“Nothing. He was reading the current number of the Penny Novelist. Over two hundred thousand people buy it. He is one of them. He told me so. When he had done with it, he drew from his pocket a copy of the Halfpenny Joker—they guarantee a circulation of seventy thousand. He sat and chuckled over it until we got to Bow.”
“But—”
“You wait a minute. I’m coming to the explanation. That boy represents the reading public. I talked to him. The papers he likes best are the papers that have the largest sales. He never made a single mistake. The others—those of them he had seen—he dismissed as ‘rot.’ What he likes is what the great mass of the journal-buying public likes. Please him—I took his name and address, and he is willing to come to us for eight shillings a week—and you please the people that buy. Not the people that glance through a paper when it is lying on the smoking-room table, and tell you it is damned good, but the people that plank down their penny. That’s the sort we want.”

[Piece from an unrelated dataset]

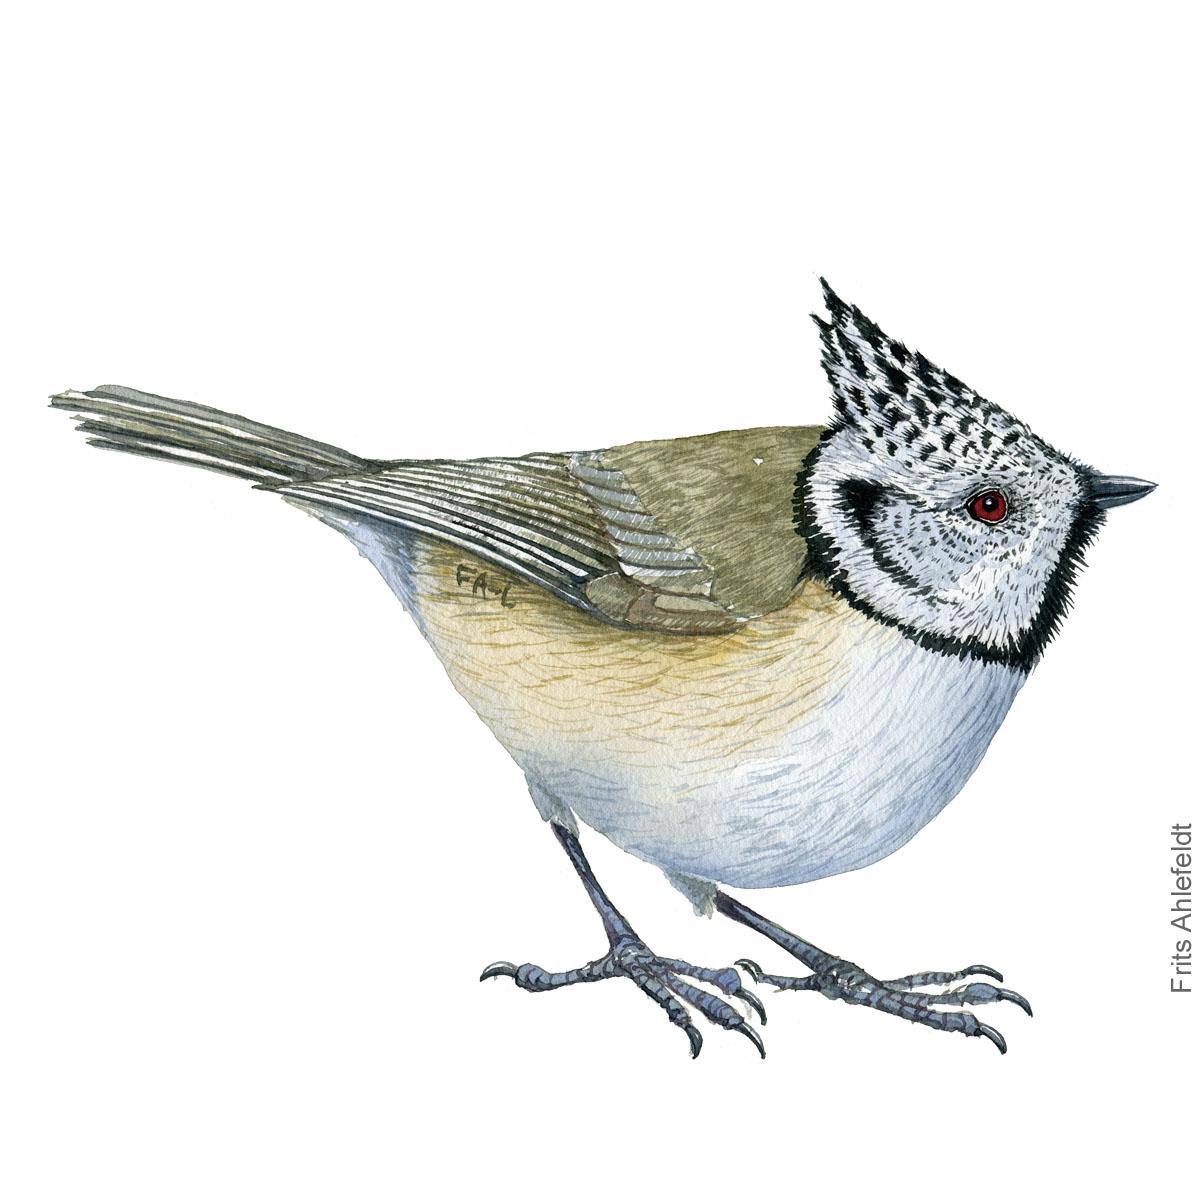 Topmejse - European crested tit bird watercolor illustration. Artwork by Frits Ahlefeldt. Fugle akvarel

Peter Hope, able editor, with ideals, was shocked—indignant. William Clodd, business man, without ideals, talked figures.
“There’s the advertiser to be thought of,” persisted Clodd. “I don’t pretend to be a George Washington, but what’s the use of telling lies that sound like lies, even to one’s self while one’s telling them? Give me a genuine sale of twenty thousand, and I’ll undertake, without committing myself, to convey an impression of forty. But when the actual figures are under eight thousand—well, it hampers you, if you happen to have a conscience.

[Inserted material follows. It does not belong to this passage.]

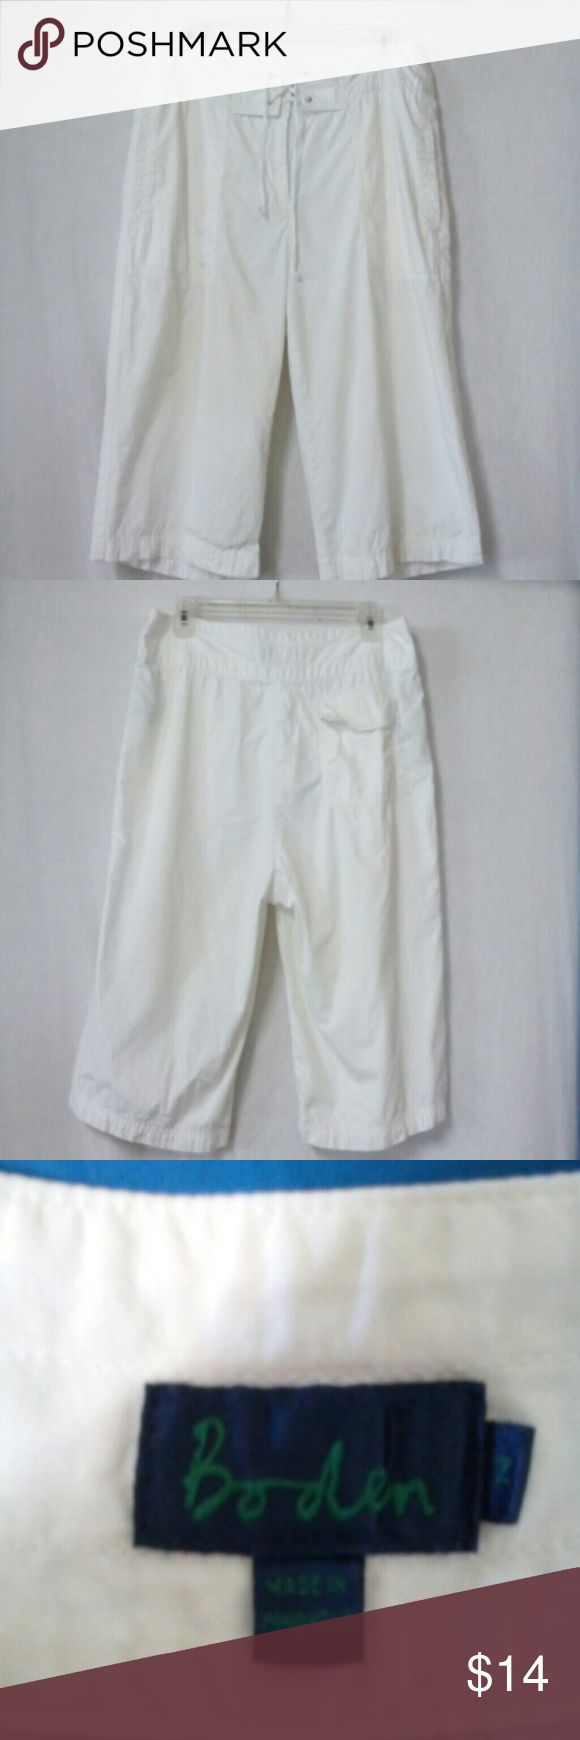 Boden women size 14 Bermuda shorts 3 pockets, front ties boden Shorts Bermudas

“Give them every week a dozen columns of good, sound literature,” continued Clodd insinuatingly, “but wrap it up in twenty-four columns of jam. It’s the only way they’ll take it, and you will be doing them good—educating them without their knowing it. All powder and no jam! Well, they don’t open their mouths, that’s all.”
Clodd was a man who knew how to get his way. Flipp—spelled Philip—Tweetel arrived in due course of time at 23, Crane Court, ostensibly to take up the position of Good Humour’s office-boy; in reality, and without his being aware of it, to act as its literary taster. Stories in which Flipp became absorbed were accepted. Peter groaned, but contented himself with correcting only their grosser grammatical blunders; the experiment should be tried in all good faith. Humour at which Flipp laughed was printed. Peter tried to ease his conscience by increasing his subscription to the fund for destitute compositors, but only partially succeeded. Poetry that brought a tear to the eye of Flipp was given leaded type. People of taste and judgment said Good Humour had disappointed them. Its circulation, slowly but steadily, increased.
“See!” cried the delighted Clodd; “told you so!”
“It’s sad to think—” began Peter.
“Always is,” interrupted Clodd cheerfully. “Moral—don’t think too much.”